* [Collected material]:
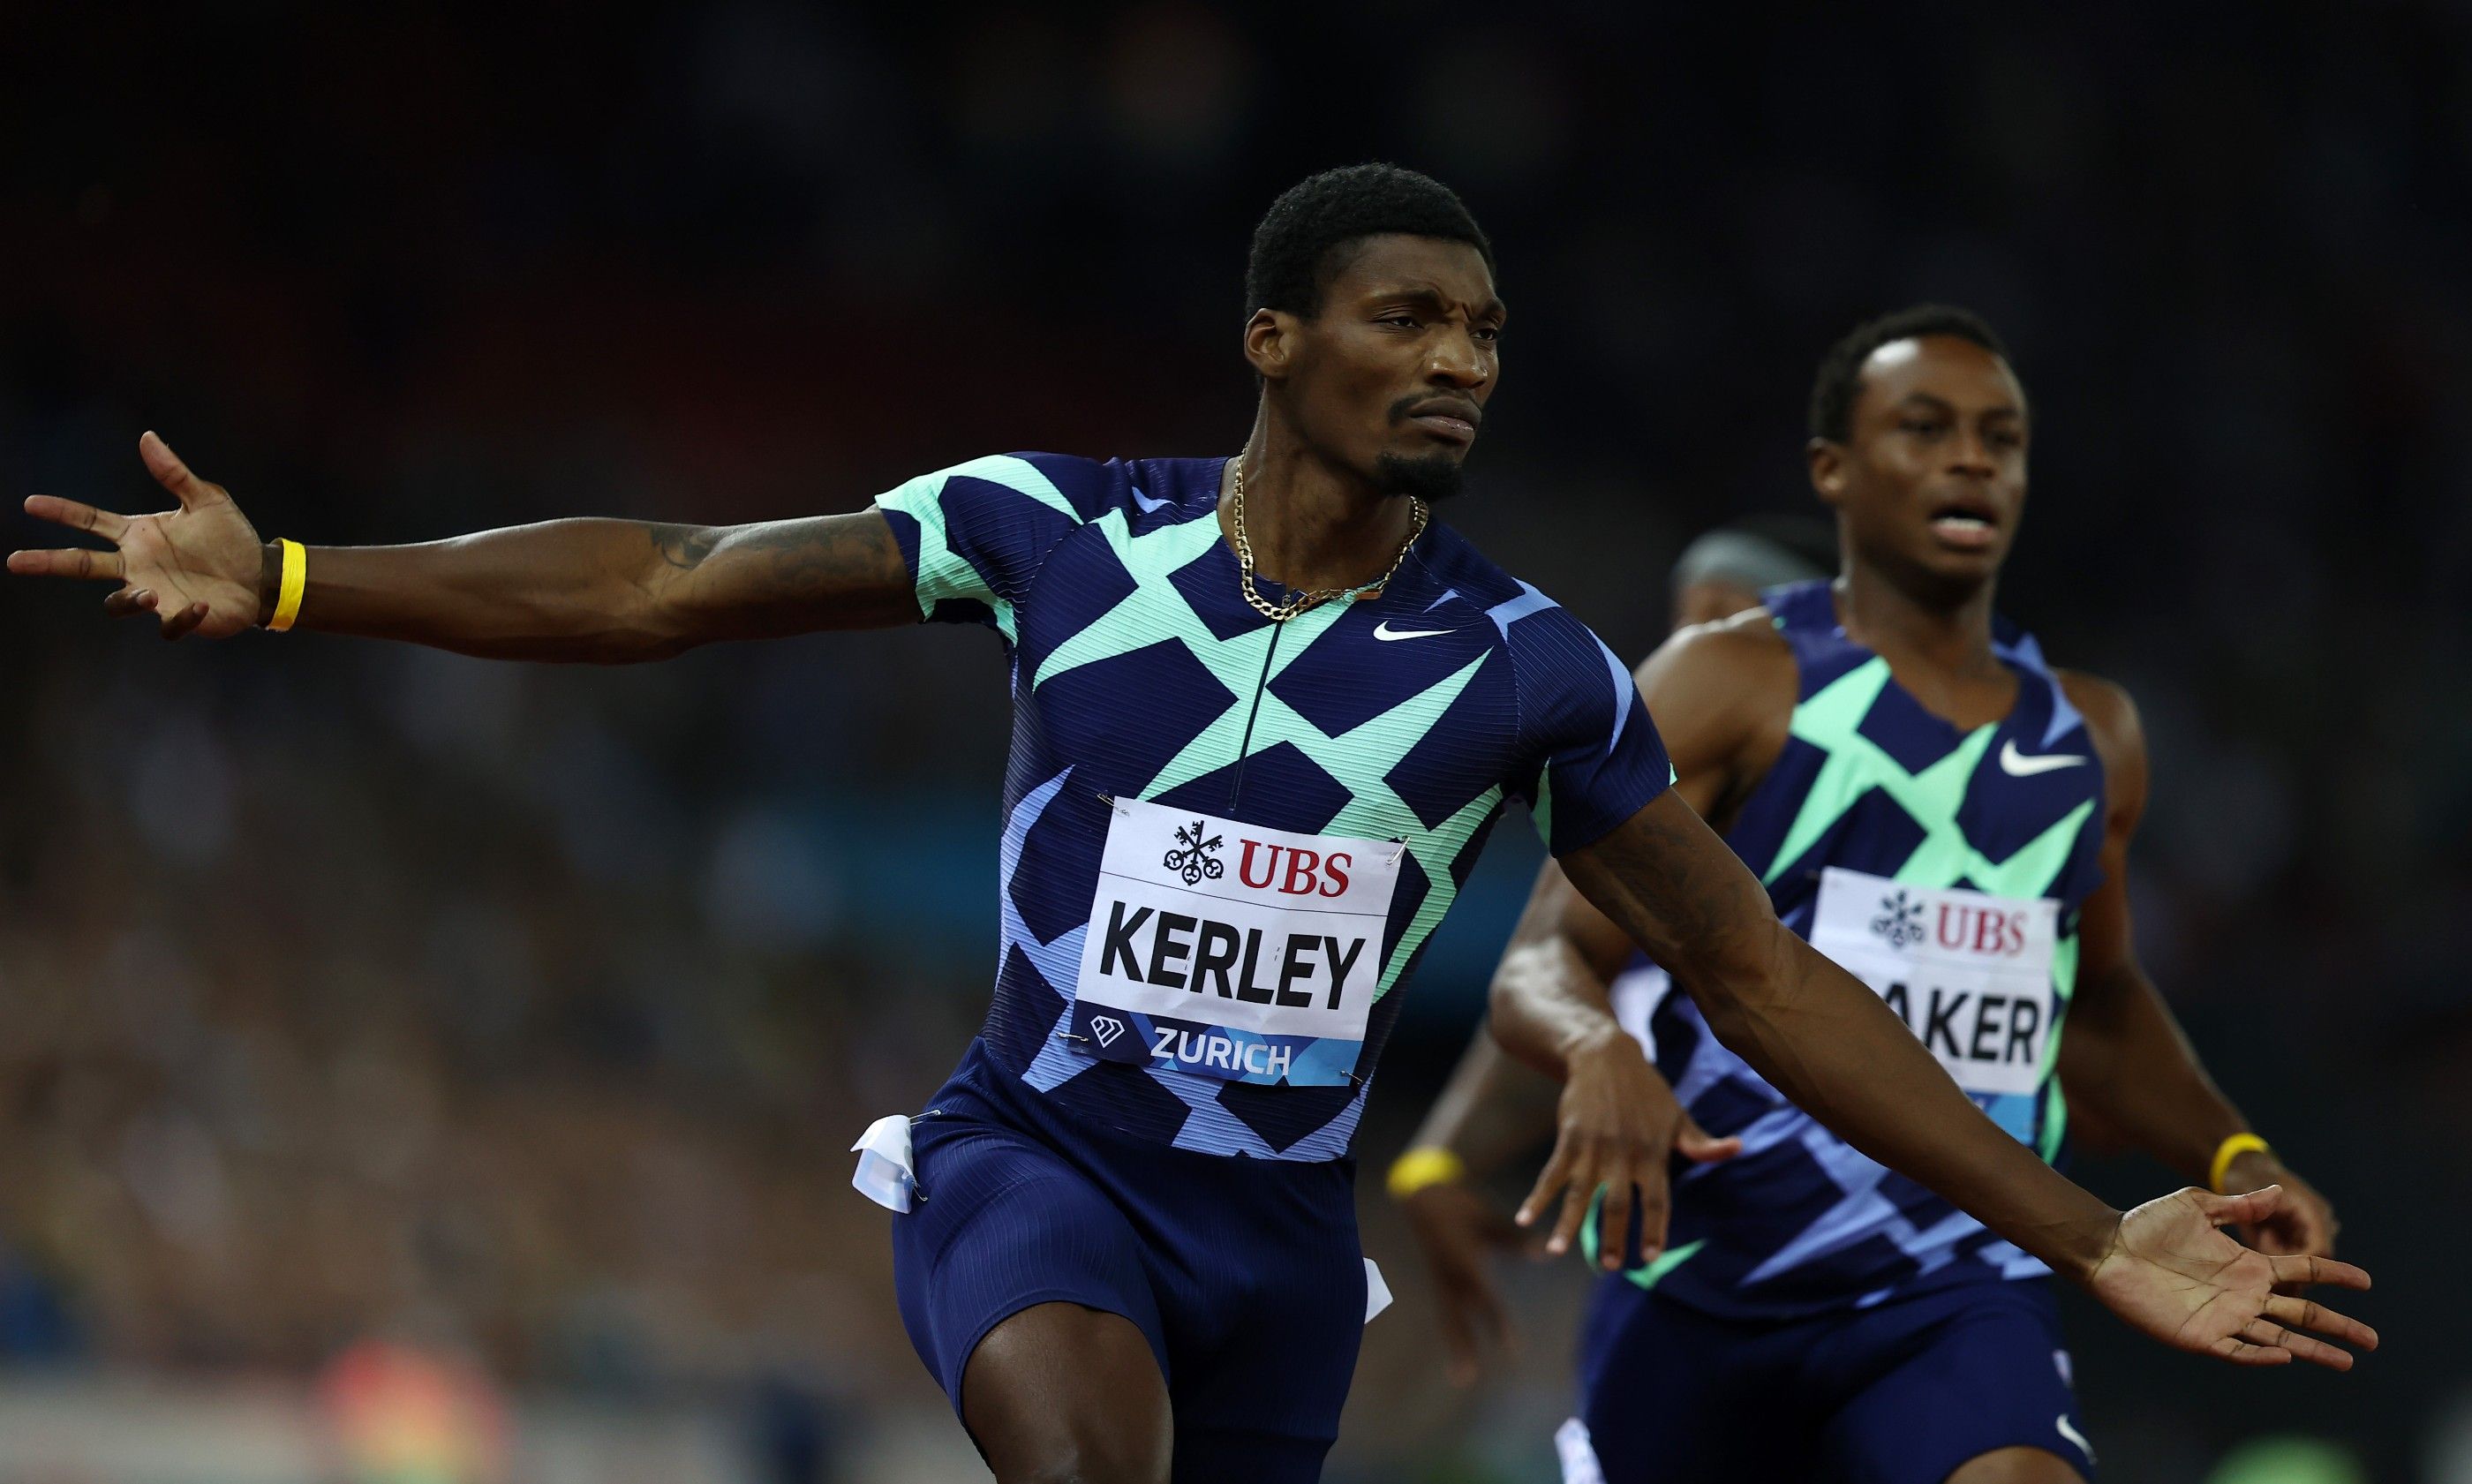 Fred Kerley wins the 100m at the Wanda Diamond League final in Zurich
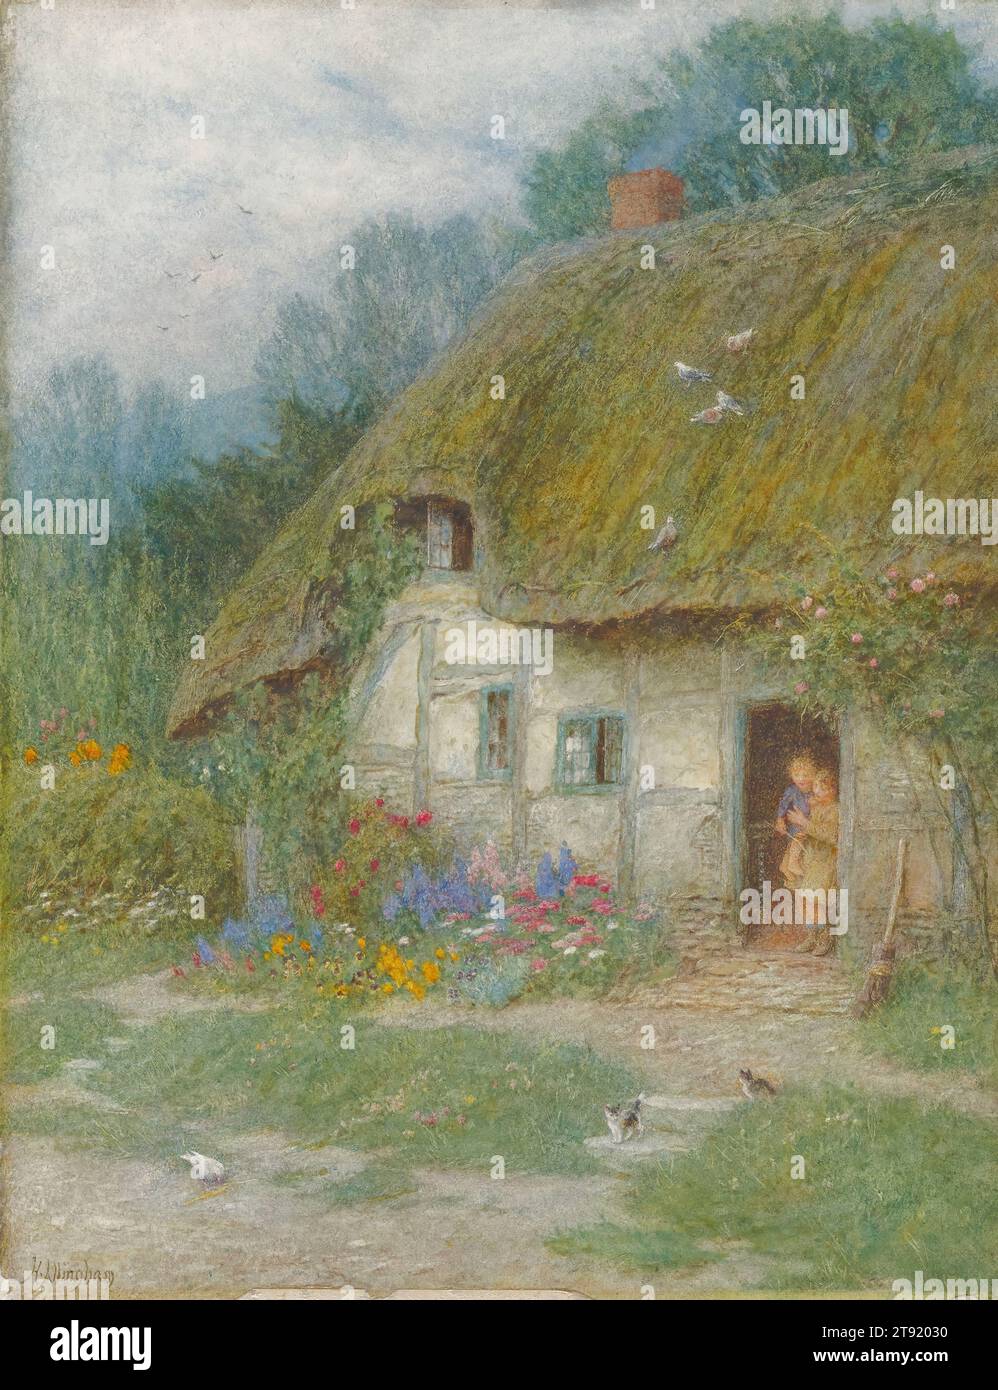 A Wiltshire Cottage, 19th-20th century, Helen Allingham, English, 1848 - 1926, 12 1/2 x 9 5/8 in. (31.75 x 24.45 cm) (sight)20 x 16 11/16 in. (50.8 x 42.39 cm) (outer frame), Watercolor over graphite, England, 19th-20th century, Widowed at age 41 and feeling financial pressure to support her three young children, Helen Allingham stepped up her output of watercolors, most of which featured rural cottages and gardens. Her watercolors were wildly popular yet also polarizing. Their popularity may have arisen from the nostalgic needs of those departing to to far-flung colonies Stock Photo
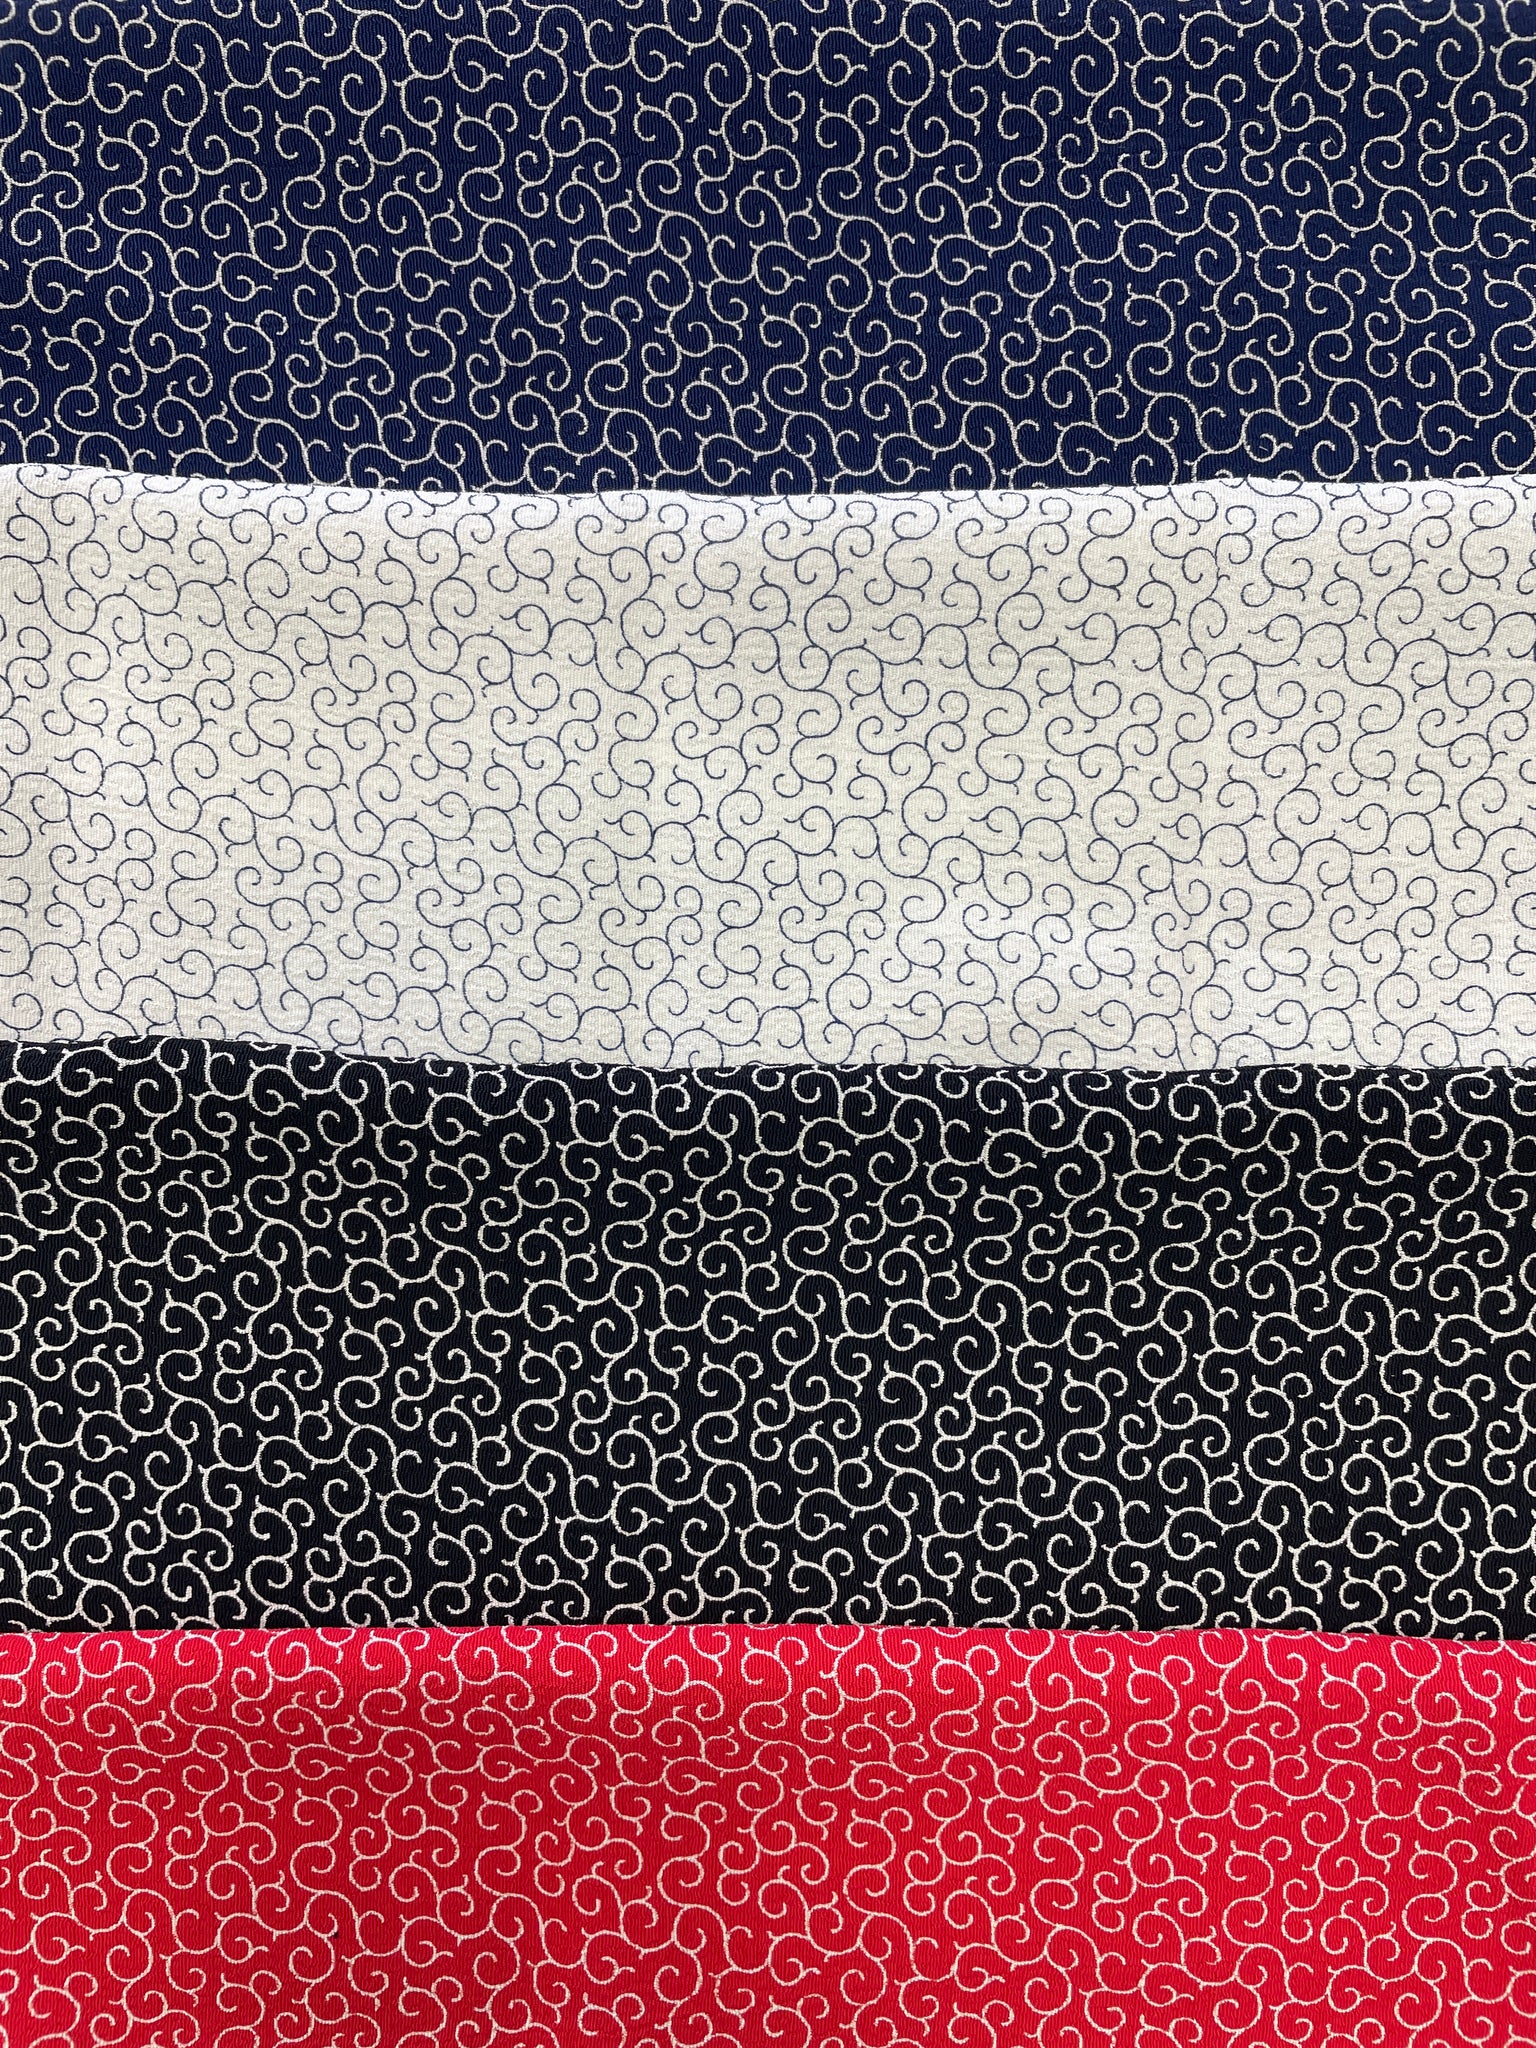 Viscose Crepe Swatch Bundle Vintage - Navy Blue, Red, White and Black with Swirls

* [Description of the task]: Your task is to retype the listing exactly, without its pictures.

* [Exercise answer]:
 Fred Kerley wins the 100m at the Wanda Diamond League final in Zurich
 A Wiltshire Cottage, 19th-20th century, Helen Allingham, English, 1848 - 1926, 12 1/2 x 9 5/8 in. (31.75 x 24.45 cm) (sight)20 x 16 11/16 in. (50.8 x 42.39 cm) (outer frame), Watercolor over graphite, England, 19th-20th century, Widowed at age 41 and feeling financial pressure to support her three young children, Helen Allingham stepped up her output of watercolors, most of which featured rural cottages and gardens. Her watercolors were wildly popular yet also polarizing. Their popularity may have arisen from the nostalgic needs of those departing to to far-flung colonies Stock Photo
 Viscose Crepe Swatch Bundle Vintage - Navy Blue, Red, White and Black with Swirls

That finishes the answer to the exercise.